WHAT IS THE UNDERLYING STRUCTURE OF MAP?
MAP provides a picture of Australia's progress by presenting a range of statistical measures that demonstrate change, grouped under three broad domains: the society, the economy and the environment.
Within these broad domains several dimensions are addressed, such as health and work within the social domain, national income within the economic domain, and biodiversity within the environmental domain.
Within each dimension there are a range of statistical measures presented, known as progress indicators. These indicators together tell a story about the extent of progress within that dimension.
The indicators directly address the notion of progress, but other measures are also included that provide context for the progress information. In addition, for some dimensions information that relate to specific groups of interest, such as older people, men and women, or Aboriginal and Torres Strait Islander peoples is included.

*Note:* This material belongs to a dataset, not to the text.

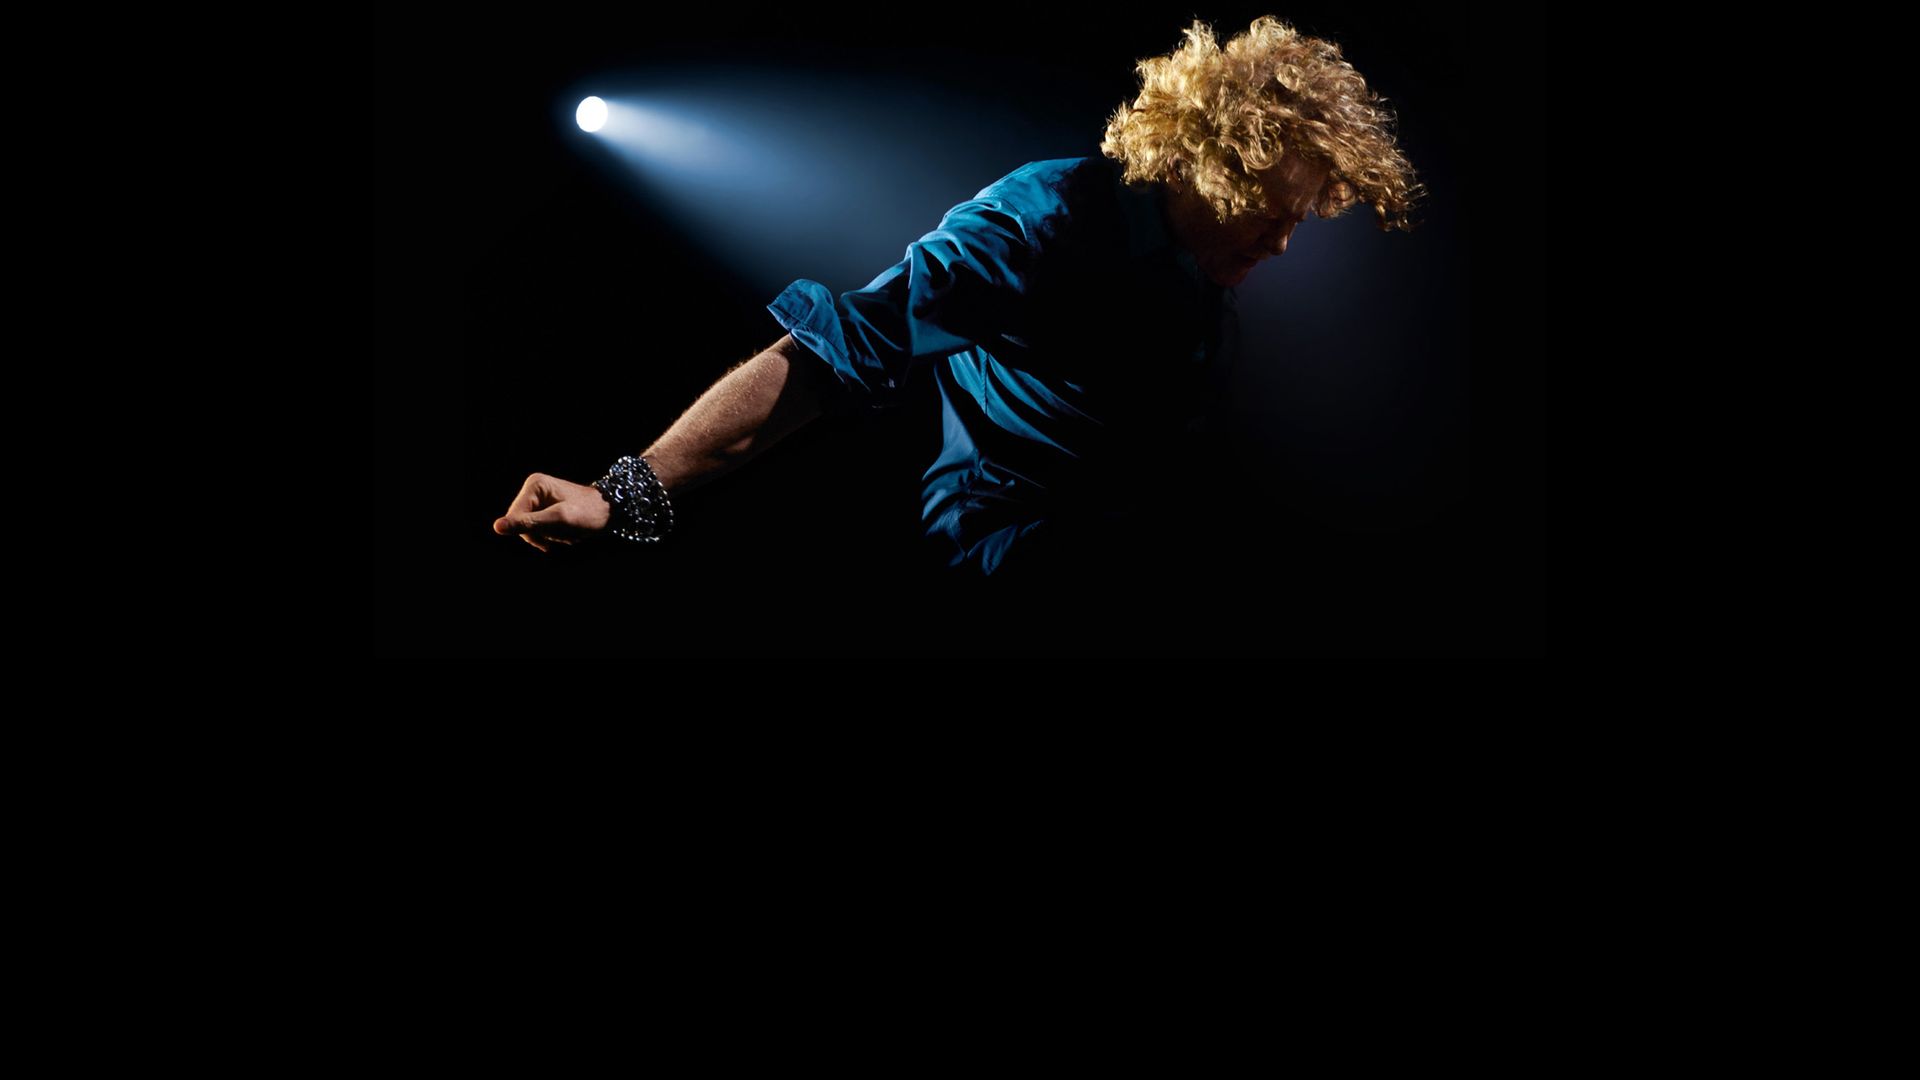 simply red 40th tour

Headline and Supplementary Dimensions
Altogether, MAP has seventeen headline dimensions of progress. These dimensions reflect key aspects of life and are considered important in assessing whether life in Australia is getting better.
In addition, there are five supplementary dimensions. Although not given headline status, these are included in MAP in recognition of their relevance to the progress story.
For a full list of dimensions and indicators see Appendix A.
This information provides important context to the information summarised in the headline and supplementary indicators. For example, the health dimension headline indicator tells us how long the average Australian is expected to live for, whereas the contextual information provides details on the quality of life such as the number of people living with a disability or the leading causes of death. The contextual information draws out some of the key points underlying the data.
This part of the product is useful for those who relate more easily to text than graphs.
Population Group Information
Rates of progress may differ between various subgroups of the Australian population. Where possible we have included state and territory differences, age and sex differences, data on Aboriginal and Torres Strait Islander peoples and international comparisons. Our commentary draws attention to differences that are particularly noticeable.
International comparison, References and Glossary
International comparisons for the headline and/or supplementary indicator(s) are included for each dimension, where possible. This information is important as it shows where Australia sits internationally.
In addition, every dimension has a list of references and a glossary to explain the terms used in the text.